Once the moving party has satisfied its burden of proof, the burden then shifts to the nonmoving party. Federal Rule of Civil Procedure 56(e) provides:
When a motion for summary judgment is made and supported as provided in this rule, an adverse party may not rest upon the mere allegations or denials of [his] pleadings, but [his response], by affidavits or as otherwise provided in this rule, must set forth specific facts showing that there is genuine issue for trial. If he does not respond, summary judgment, if appropriate, shall be entered against him.The court must afford all reasonable inferences and construe the evidence in the light most favorable to the nonmoving party. Cox v. Kentucky Dep't. of Transp., 53 F.3d 146, 150 (6th Cir. 1995) (citation omitted); see also United States v. Hodges X-Ray, Inc., 759 F.2d 557, 562 (6th Cir. 1985). However, the nonmoving party may not simply rely on its pleading, but must "produce evidence that results in a conflict of material fact to be solved by a jury." Cox, 53 F.3d at 150.
Summary judgment should be granted if a party who bears the burden of proof at trial does not establish an essential element of his case. Tolton v. American Biodyne, Inc., 48 F.3d 937, 941 (6th Cir. 1995) (citing Celotex, 477 U.S. at 322). Accordingly, "the mere existence of a scintilla of evidence in support of plaintiff's position will be insufficient; there must be evidence on which the jury could reasonably find for the plaintiff." Copeland v. Machulis, 57 F.3d 476, 479 (6th Cir. 1995) (quoting Anderson, 477 U.S. at 52 (1986)). Moreover, if the evidence is "merely colorable" and not "significantly probative," the court may decide the legal issue and grant summary judgment.

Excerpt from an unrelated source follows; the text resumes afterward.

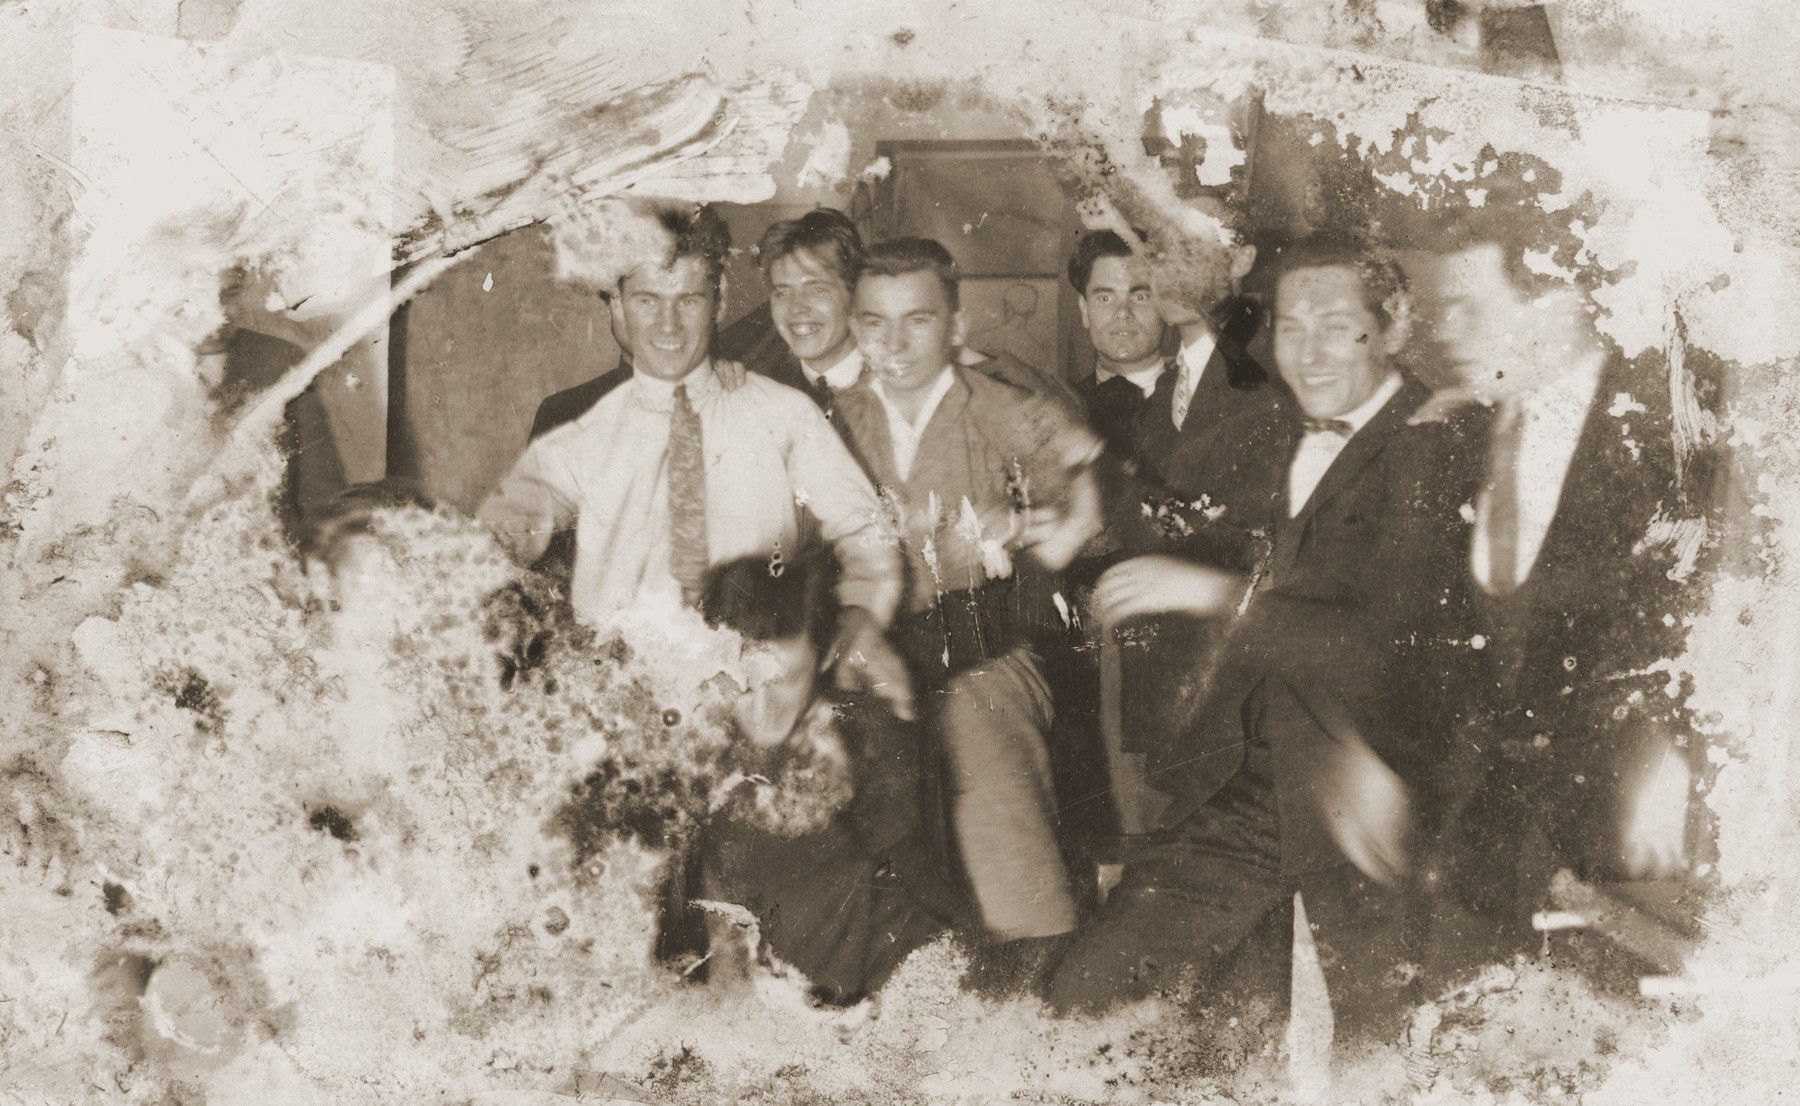 Damaged photograph of a group of male friends in Kovno, Lithuania that survived the destruction of the Kovno ghetto.

Among those pictured is the artist Jacob Lifschitz (center).  The photograph was buried with the artist's drawings shortly before the liquidation of the ghetto, and retrieved by his wife after the liberation.

Anderson, 477 U.S. at 249-50 (citation omitted).
Discussion
(1) Plaintiff's Motion for Summary Judgment
Plaintiff argues that she is neither a responsible party nor willfully failed to pay the trust fund taxes. For the following reasons, the Court disagrees that plaintiff has demonstrated such.
The Sixth Circuit has explained:
Section 3102 of the Internal Revenue Code of 1954 requires an employer to withhold social security taxes imposed on its employees and section 3402(a) of the Code requires the withholding of income taxes from wages of employees. Withholding taxes are not simply a debt; they are part of the wages of the employee, held by the employer in trust for the government. 26 U.S.C. § 7501. The 'trust fund taxes' are for the exclusive use of the Government and are not to be used to pay the employer's business expenses, including salaries, or for any other purpose.Gephart v. United States, 818 F.2d 469 (6th Cir. 1987) (citations omitted).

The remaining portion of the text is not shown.